City Harvest finance manager Sharon Tan yesterday broke down and cried when asked by her lawyer if she had been consistent in her testimony.
"Your honour, I believe I remain consistent," said Tan as she addressed the judge, before starting to weep at the end of her fourth day on the stand.
Even as the 38-year-old struggled to compose herself, Presiding Judge of the State Courts See Kee Oon adjourned the hearing for the day.
Tan is one of six, including church founder Kong Hee, currently on trial for misusing $50 million in church funds. The money was allegedly spent on boosting the music career of Kong's wife Ho Yeow Sun, and then to cover this up.
Except for Tan, the rest allegedly used the church's building funds to buy sham bonds in Xtron, which managed Ms Ho's career. This was how they supposedly first transferred money from the church to Xtron.
But when questions started being asked, Tan and three others allegedly devised a series of transactions that pushed more of the church's money to Xtron, allowing it to redeem the bonds and make it seem that the church suffered no losses.
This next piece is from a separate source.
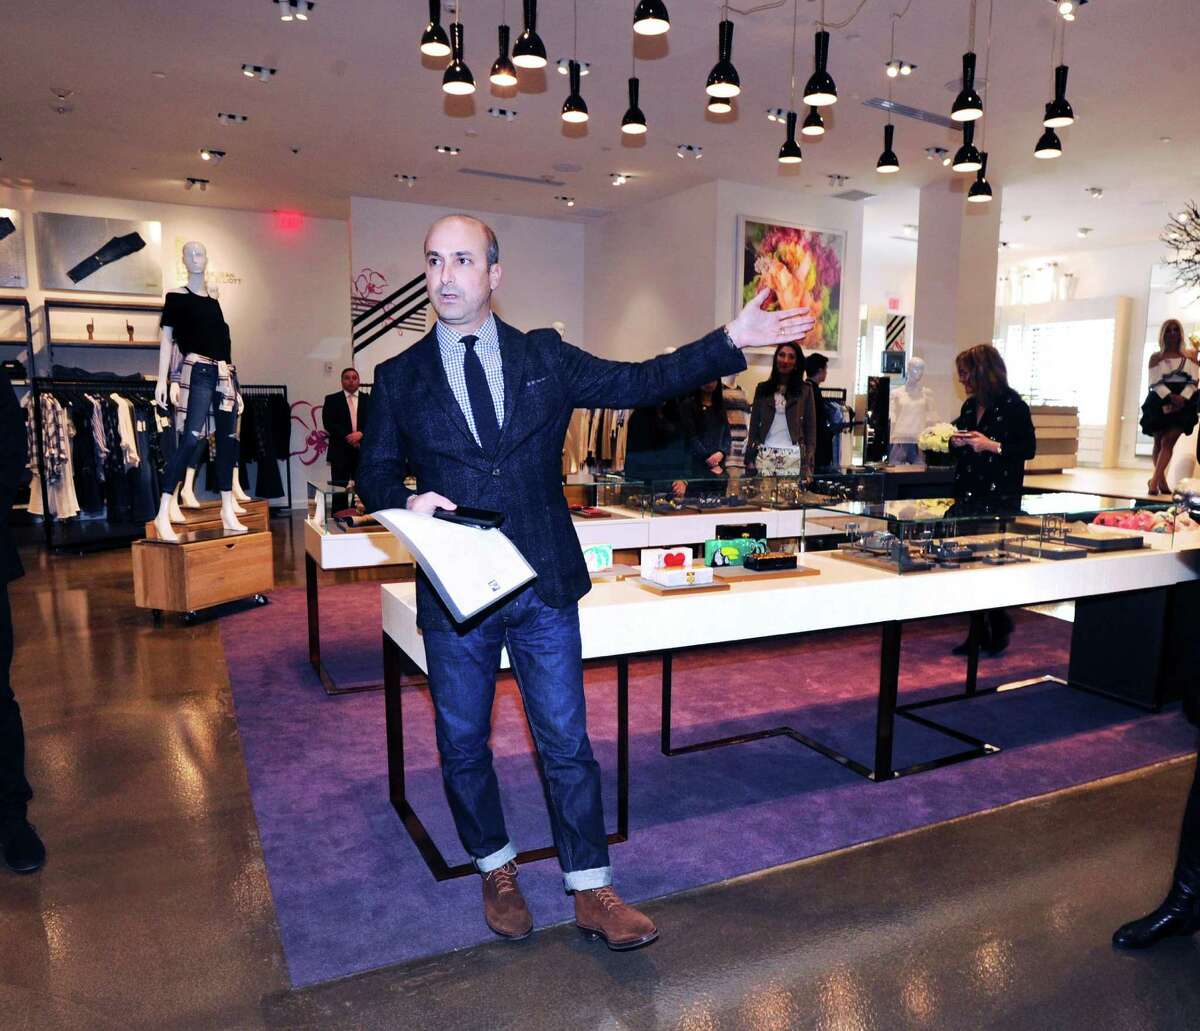 Joe Gambino, vice president and general manager of The Saks Shops at Greenwich, during the celebration and media tour of the new Saks Fifth Avenue specialty store, The Collective, at 200 Greenwich Ave., Greenwich, Conn., Wednesday night, Feb. 1, 2017. The new specialty store format is a 2-level 14,000 square foot store and according to Sak's executives is part of a rebranding of the company's comtemporary retail business. Saks Fifth Avenue is a luxury retailer.

Yesterday, Tan's lawyer took her through minutes of church board meetings, in which she had discussed at length how money was channelled from the church to Xtron, for the firm to redeem its bonds and pay the church interest.
Tan told the court that Xtron's bond redemption was just a book entry, without any actual cash transaction, and that the board members were made aware of this.
During a meeting in July 2009, board members were also told that the church would forward an "advance rental" of $65 million to Xtron, to secure Suntec convention centre as a venue for its congregation.
Xtron would use the advance rental to redeem $21.5 million of bonds and use part of the remaining funds to invest in glass company Firna, which was owned by church supporter and Indonesian businessman Wahju Hanafi.
Firna would use the money to redeem the bonds it also sold to the church, said Tan.
The plan to use advance rental monies to redeem Xtron and Firna bonds was again presented to board members at a meeting in September that year, and they had no issue with it, said Tan.